ということで、今回は私が住んでいる東京都東村山市にある、ラーメンを出す“まちのそば屋”を2店、紹介しようと思う。まず最初に紹介するのは、西武新宿線の久米川駅南口から歩いて5分ほどのところにある「しなの」。
入り口の左横にはちゃんとメニューが掲示されている。
上の段には、定番のそばのメニューがズラリと並んでいるが、目を下の段に移すと……。
ほら、「中華の部」があり、「ラーメン」をはじめ「ソース焼そば」や「ギョーザ」まである。ここまでハッキリ出しているのに、意外と気づかない人が多いんだよね。
それでは、お店に入っていただくとしますかね。
こだわり故に夏は販売中止
早速、お店に入り、「ラーメン」(500円)を注文。しばらくして運ばれて来たのがコレだ。
何ともノスタルジックなビジュアルじゃないの!
50代以上の人なら「おっ!」と思うはずのビジュアルじゃないかな。
いわゆる昔の「中華そば」ってヤツだ。
このスープの色がいいんだよね。白濁していたり、背脂でギトギトもしていない。
そして香り。豚骨臭や味噌、煮干などではなく、醤油。これがたまんないんだなぁ。
このチャーシュー、見てくださいよ。自家製ですよ。そば屋なのにちゃんとこだわってつくっている。では、スープからいただいてみますか。レンゲですくって……。
旨いねぇ(´ ▽`).。o♪♪
鶏ガラスープの醤油味。優しい味わい。「郷愁」という名のスパイスも効いて、体に染みる、染みる。
続いて麺をいただきま~す……
うんうん、この柔らかな中太麺。まさに小さい頃、両親に連れて行ってもらって食べた中華そばだ。いやあ、旨いッ!
健康のことを考えたら、本当はやっちゃいけないんだけど、スープを飲み干して完食!
旨かったッO(≧∇≦)O!!!
そりゃね、今時のラーメンのようなガツンと来るインパクトはないよ。
でも、いろいろ食べて、ひと回りして、「やっぱりコレだなぁ」と戻って来た感じなんだよね。20代、30代の人にはわからないだろうなぁ。「ふぅ~」とひと息つきつつ、何気なくお店の壁を見ると……。
エッ、何だって?
「お待どう様 中華麺再開です」って、どういうこと?
中華麺、休んでたってこと?ご主人に聞くと、7月くらいから9月半ばまで毎年、中華麺を休んでいるのだという。

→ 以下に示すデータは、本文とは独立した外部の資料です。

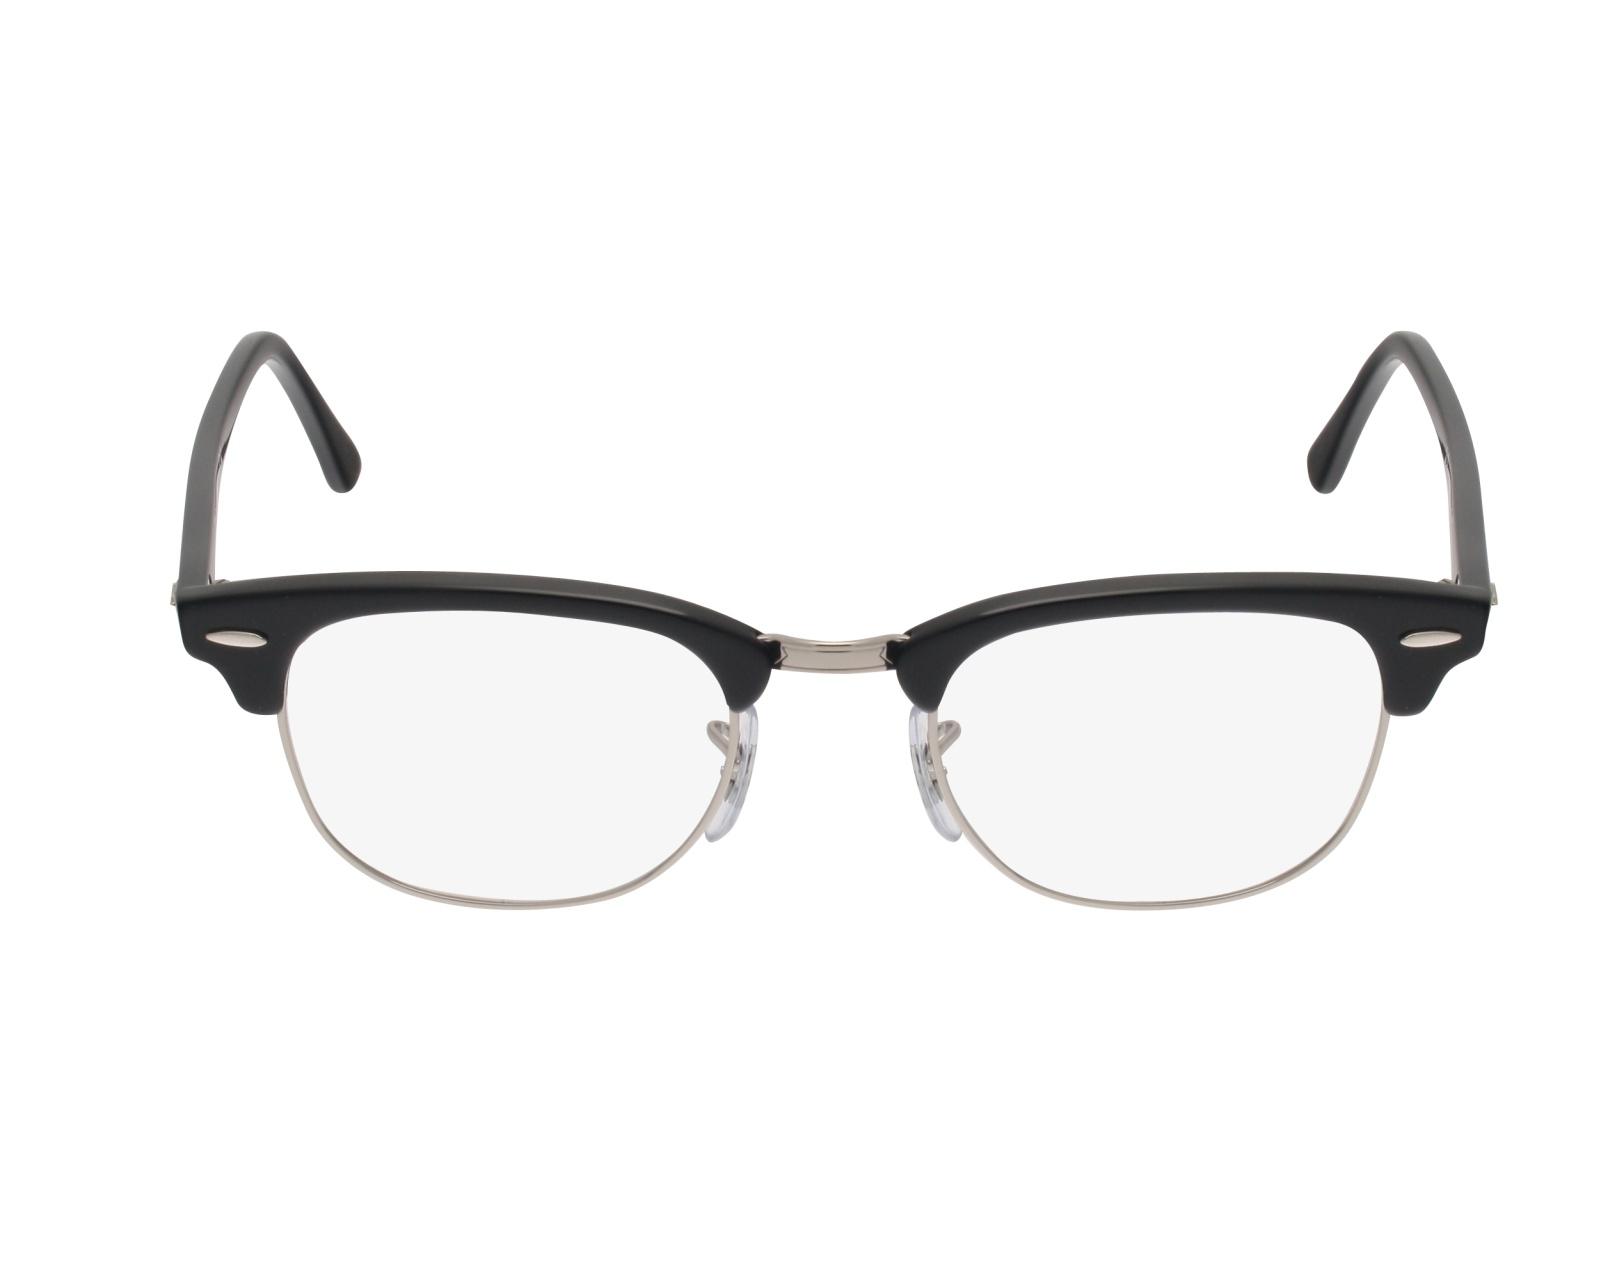 Locomotora Nuclear suéter  gafas de ver ray ban hombre - Tienda Online de Zapatos, Ropa y Complementos  de marca

「ウチはちゃんと鶏ガラでスープを取ってるんだよ。でも、使い終わった鶏ガラを回収してくれる業者がなくなってさ。仕方なく普通にゴミに出してるんだけど、夏場は臭いが出るから近所に迷惑をかけることになると思って、鶏ガラスープを使う中華麺を出さないことにしたんだよ」
へぇ、そうなんだ。そば屋なのにそこまでラーメンのスープにこだわっているんだ。これはビックリしたなぁ。
そば屋なのにラーメンがウリ?
ラーメンを出すそば屋が存在することを知らない人は多いと思う。
実は私も数年前までは知らなかった。「エエッ、そば屋にラーメンがあるんだ」と気づくキッカケとなったのが、次に紹介する「八山庵」だ。
場所は西武新宿線の東村山駅東口から市役所方面に向かって歩いて8分くらいのところ。
よくある普通のそば屋の佇まいなのだが、私が「エエッ!」と驚いたのは、入り口右横にあるディスプレイ。
メニューのサンプルを飾ってある、よくあるものだが、下の方を見ると……。
「ラーメン」があるよ!
展示されているメニューサンプルは10品。数あるそば屋のメニューの中で厳選した、言わば「ウリであるメニュー」の中に「ラーメン」が入っているのだから驚きだ。
ということで、気になって食べたのが「そば屋のラーメン」を知るキッカケだった。
早速、お店に入ってカウンターに座り、「ラーメン」(600円)を注文。そして出てきたのが……。
コレですよ。このビジュアルにキュン死してしまう中高年、きっといると思うなぁ。
この黄金色のスープの透明感。たまんないなぁ。
先ほどの「しなの」とは違うタイプのチャーシューだけど、このタイプのチャーシューも昔はよくありましたよね。懐かしさで目が霞んでしまいそうだ。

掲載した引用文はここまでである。